Eventually You Run Out of Other People’s Money

In this illuminating story from Monica Ortiz Uribe and the El Paso Times, headlined Texas tax burden is heaviest on El Paso’s poorest residents. Debt increases that burden., Ms. Uribe brings up the City of El Paso’s debt:

El Paso’s debt per capita is the highest among large cities in Texas. Debt per capita is what every resident in El Paso would have to pay in order to wipe out the city’s total debt outstanding (population divided by total debt outstanding). The city owed $1.4 billion in tax-supported debt as of August 2020. To pay that off, every person in El Paso would need to pay $2,071 over the life of the debt.

I believe that figure doesn’t include interest on the debt, so that’s the number that every person in El Paso would have to pay today to wipe out the debt, not over the life of the debt.

But that only includes tax debt. The City of El Paso has also incurred debt from Revenue Bonds.

You may be surprised to learn that the City has some departments that actually turn a profit. The airport, for instance. The International Bridges. Permits and licensing.

And the Public Service Board.

Debt that the PSB issues isn’t tax debt, but the taxpayers pay it anyway, via their water bills. As of Fiscal Year 2020, the latest year for which data is available from the Texas Bond Review Board’s website, the City of El Paso had run up their (our) debt to $2,232,141,000 in principal, and $975,688,955 in interest, for a total payment of $3,207,829,955.

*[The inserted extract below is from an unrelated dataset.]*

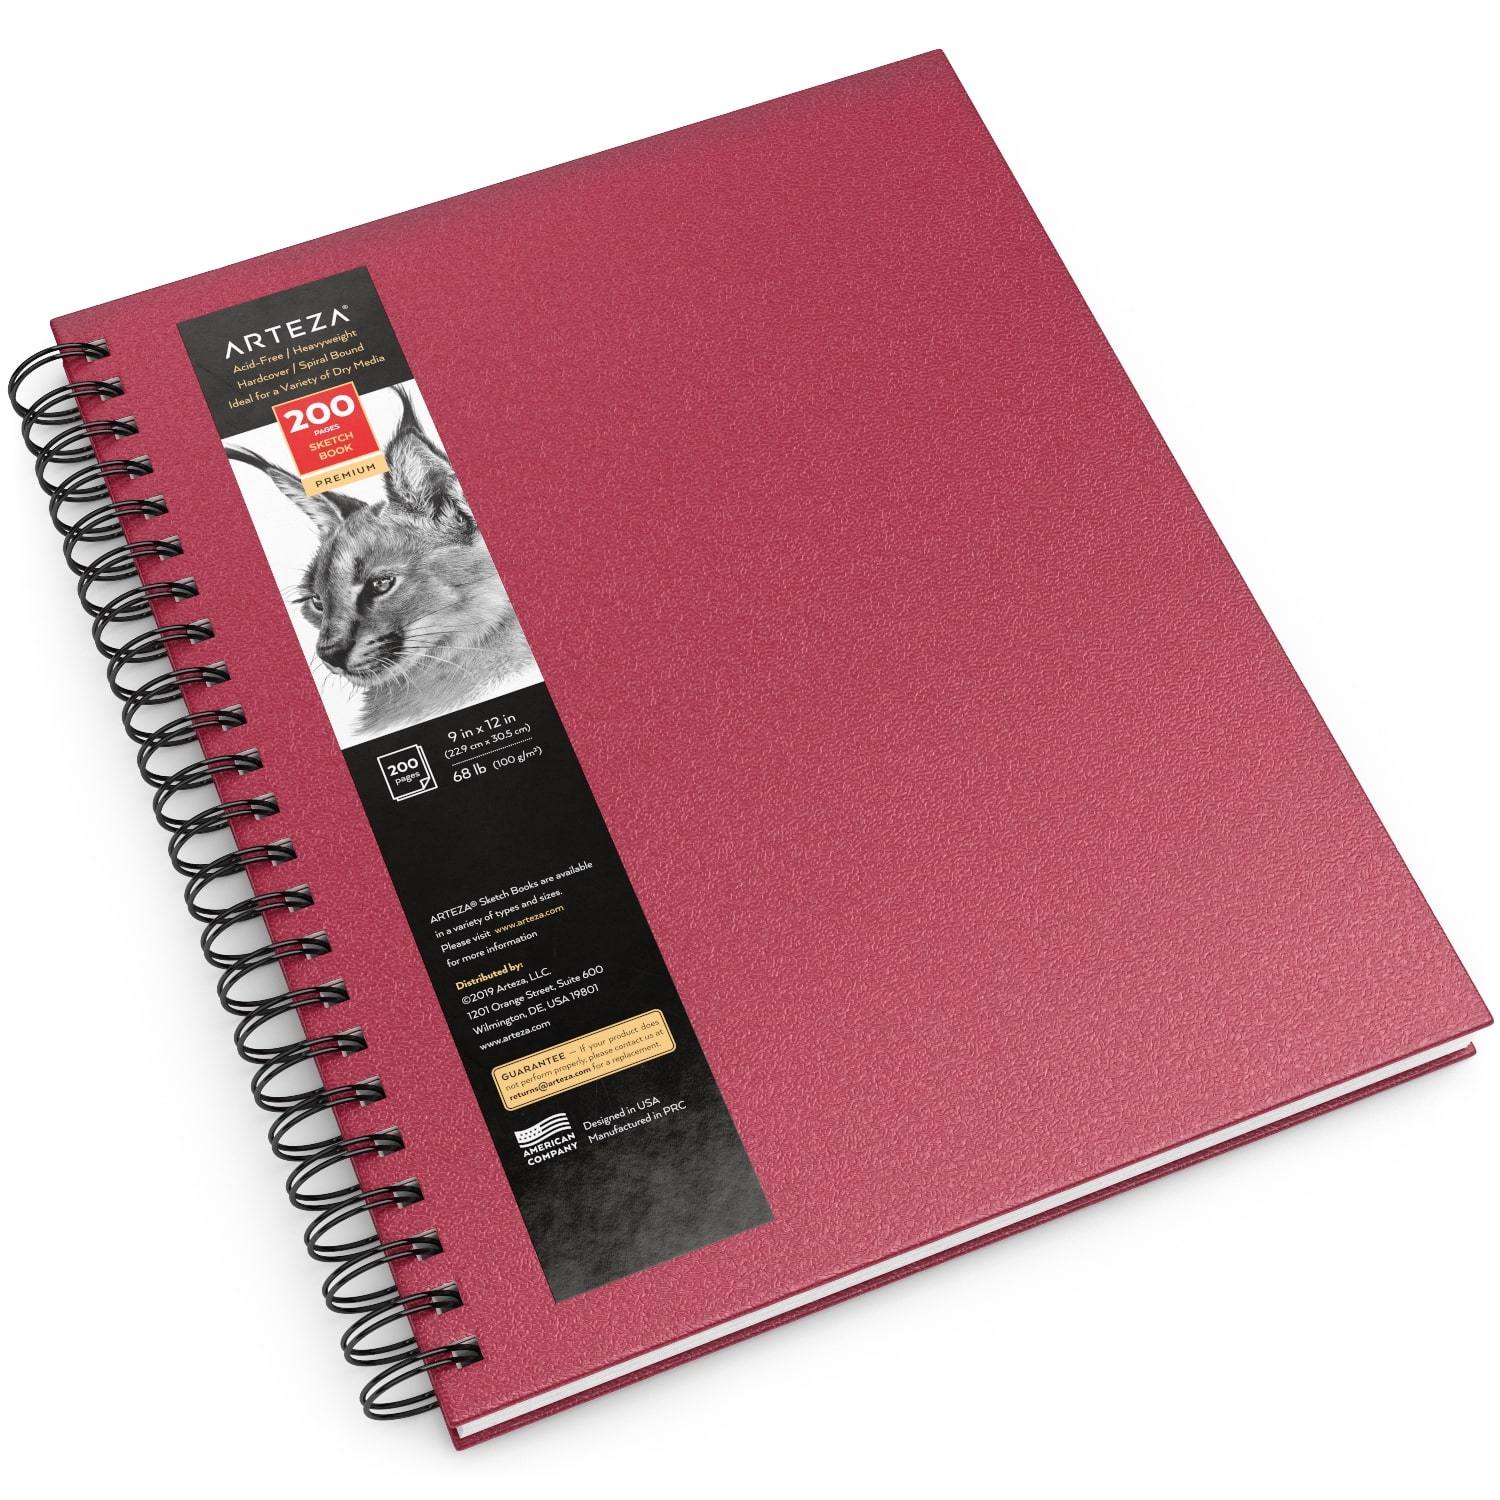 https://arteza.com/cdn/shop/products/sketchbook-spiral-bound-hardcover-pink-9-x-12-100-sheets_Y54Fqhoj.jpg?v=1652891914&width=1946

That may seem like a lot of cheddar to you (it is), but that doesn’t include all the additional debt the City has added since August, 2020. You can probably add another $350 million to the $3.2 BILLION we’ll be paying out over the next 45 years.

Unless, of course, the City decides to issue even more debt.

If past experience is any indicator, it will.

Read the rest of the story at the ElPasoTimes.com, for some insight on the regressive nature of taxes in Texas.

3 comments

  1. “TURN A PROFIT”?? NO. SOME DEPARTMENTS MIGHT HAVE REVENUES MORE THAN OPERATING EXPENSES, BUT IF THE AIRPORT’S OPERATIONS WERE EVALUATED AS A BUSINESS, THEY WOULD BE LOSING MONEY.